Results from a survey of UK clothing manufacturers, analysed by academics from the University of Nottingham, the University of Leicester and the independent trade justice charity Transform Trade, have revealed that unfair purchasing practices by brands and retailers are common-place within the garment manufacturing industry.
Manufacturers reported brands paying late; making last-minute changes to orders, not paying for the changes, then fining manufacturers for late delivery; and demanding extra price reductions even after production has started.

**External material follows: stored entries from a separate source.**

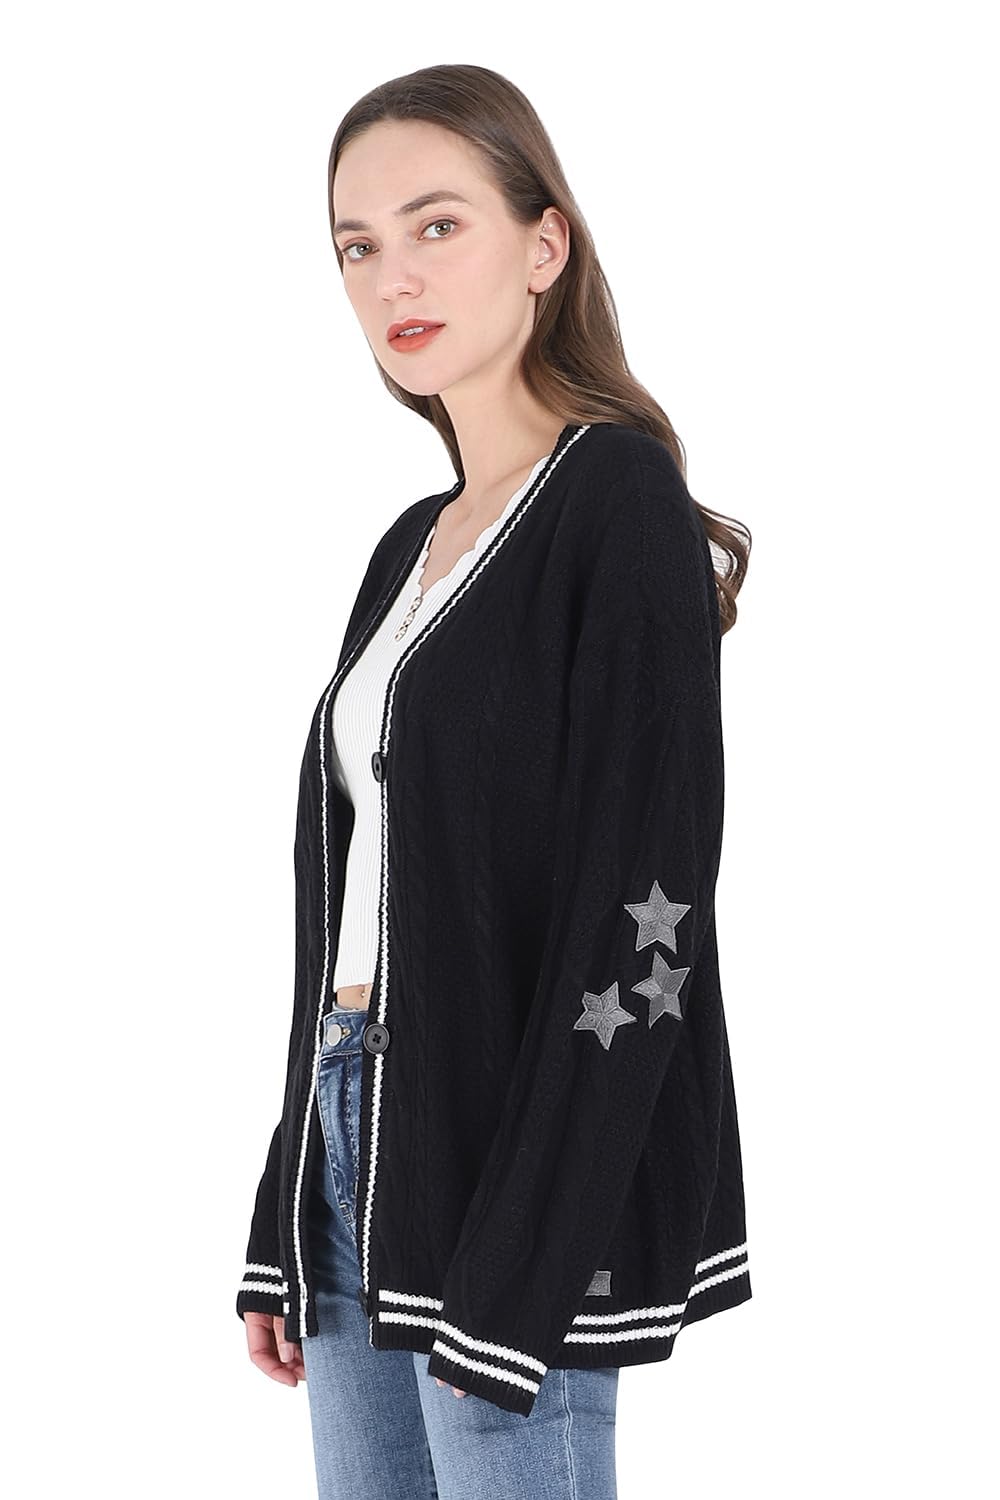 Chouyatou Women's Open Front Stars Embroideried Cable Knit Cardigans Button Down Sweater Outwear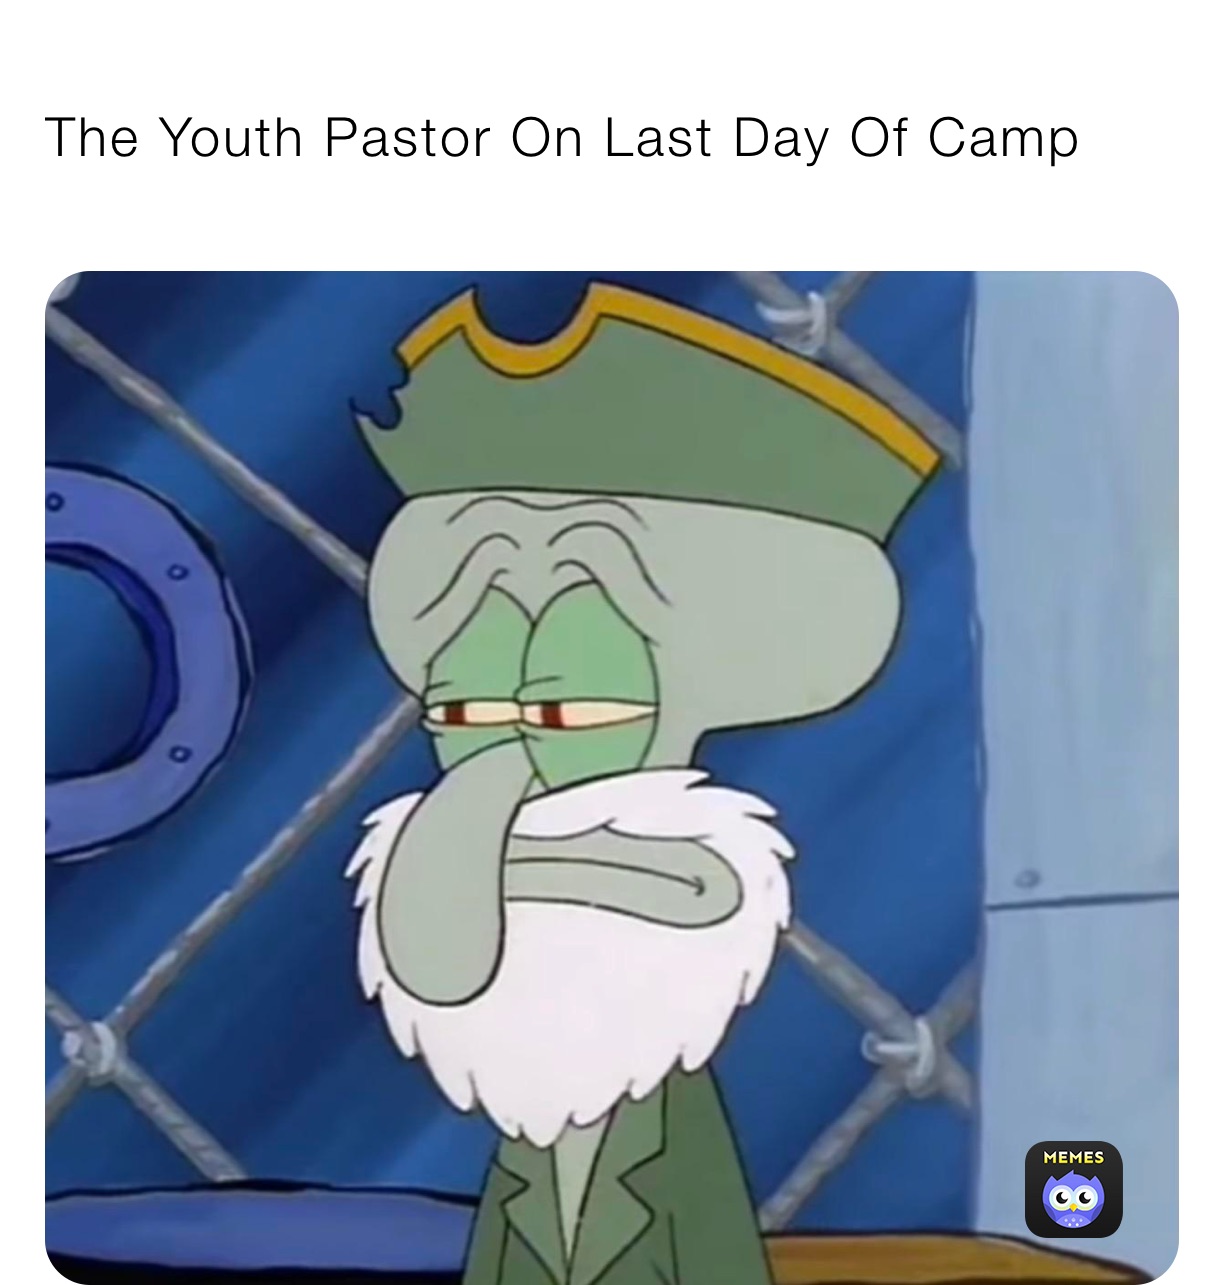 The Youth Pastor On Last Day Of Camp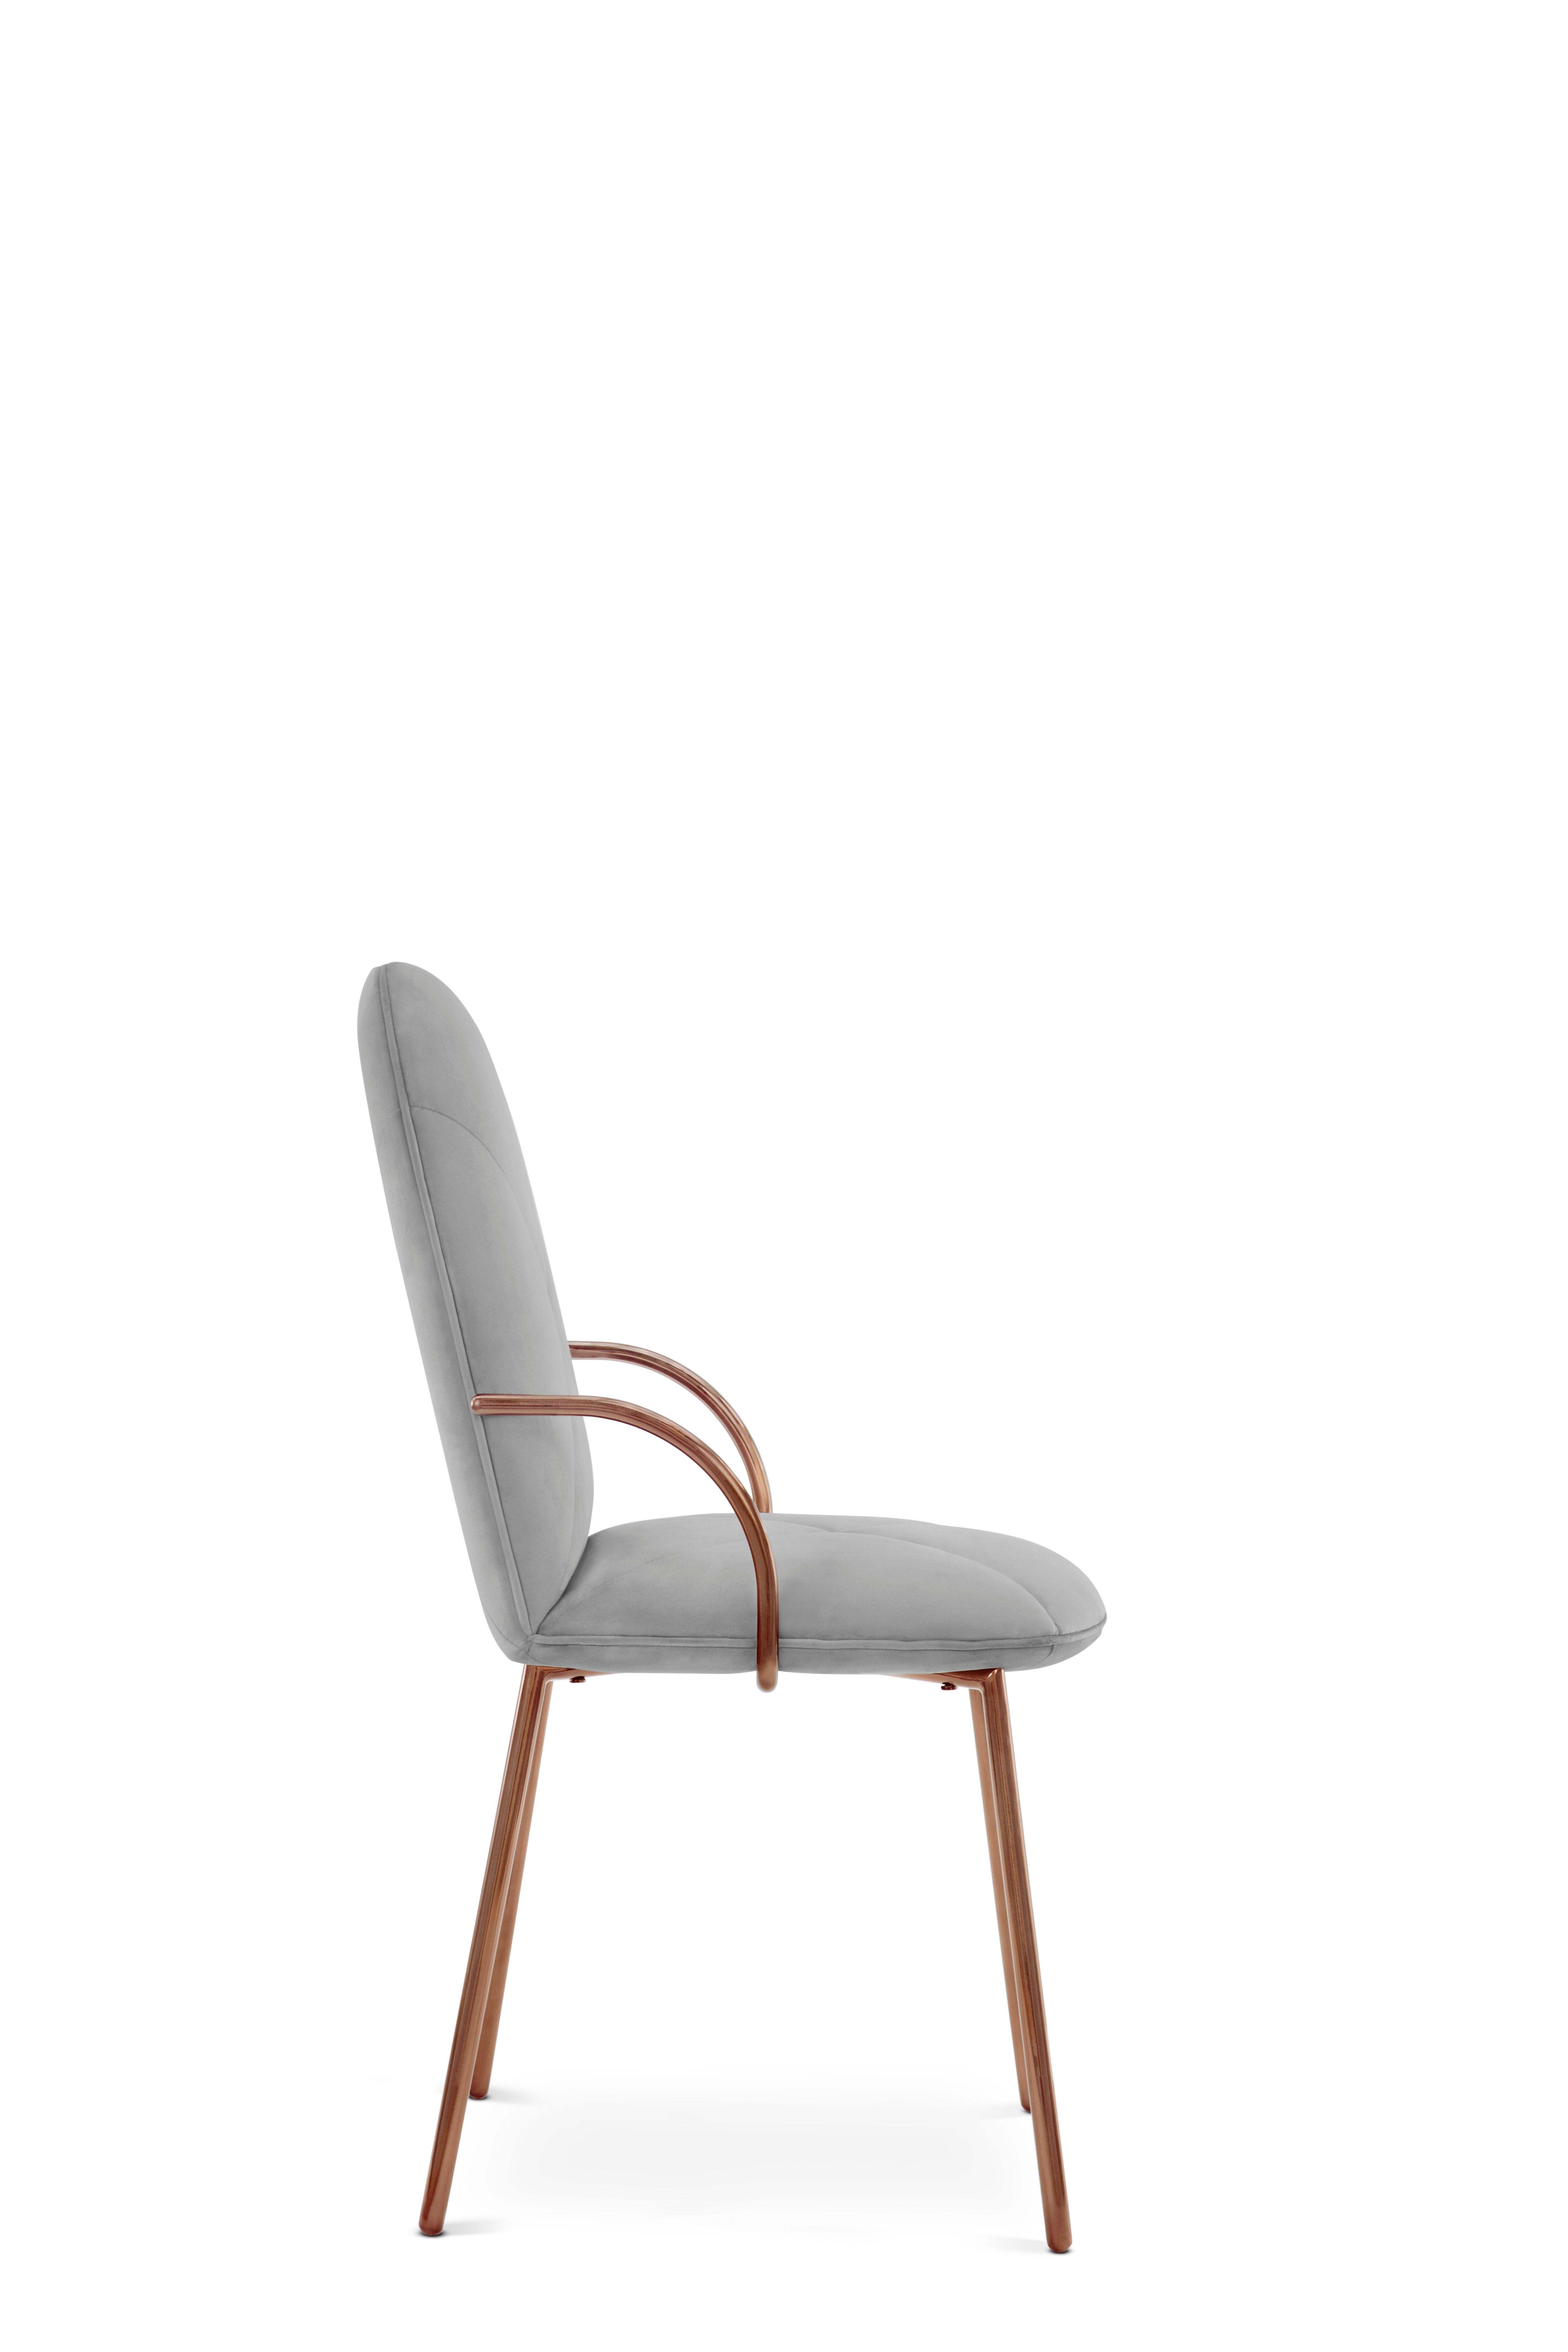 Modern Orion Dining Chair with Plush Gray Velvet and Rose Gold Arms by Nika Zupanc For Sale

Dr Sabina Lawreniuk, Principle Research Fellow and human geographer in the University of Nottingham’s School of Geography, who led the Nottingham evaluation, said: “Our research shows that current brand purchasing practices directly impact workers, resulting in precarious and insecure work across UK factories.
The findings highlight the transfer of inappropriate risk from retailers and brands to manufacturers. These include:
- 31 per cent of manufacturers reported brands cancelling orders.
- 78 per cent experienced brands not covering the costs for last-minute changes they made to previously confirmed orders.
- 75 per cent reported brands not adjusting price to account for increases in minimum wages.
- 67 per cent experienced brands quoting for large orders, then reducing the size but keeping unit cost the same.
- 44 per cent reported brands making regular requests for payment extensions; 10 per cent experienced order payments being delayed more than three months past originally agreed terms.
- 31 per cent reported penalties for being late when the brand caused the delays with order changes after contract.
- 29 per cent reported brands insisting on discounts after entering into a contract.
Manufacturers reported the impact of these practices being passed onto workers. Reporting increasing overtime to fulfil sudden increases in orders (73 per cent), reducing employee hours due to cancellations (58 per cent), and workforce terminations (29 per cent) in response to sudden contract changes.
The findings show the minimal faith respondents had for institutional routes for dispute resolution - with only 22 per cent pointing to the legal system as holding a viable route for redress, 21 per cent court action, and no manufacturers considering government, multilateral or multistakeholder initiatives a viable route. Respondents consistently highlighted financial and legal barriers to disputes, noting that they “haven’t got the money to challenge” and that “any legal comeback is way beyond our means,” indicating that pursuing formal dispute mechanisms is often unaffordable.
With no viable available avenue for redressal, the experts advise that Government action is needed to address unacceptable brand behaviour, undertaken by brands benefiting from the UK consumer market. Adding, that in the UK, a Garment Trading Adjudicator (also referred to as Fashion Watchdog), needs to be established, similar to the Groceries Code Adjudicator which curbs the unacceptable purchasing practices of the UK’s largest food retailers.
Hilary Marsh, Garment Policy Advisor at Transform Trade, added: “This report is just another piece of evidence of these practices that rule the industry. A Fashion Watchdog would enforce fair business practices for the sector.”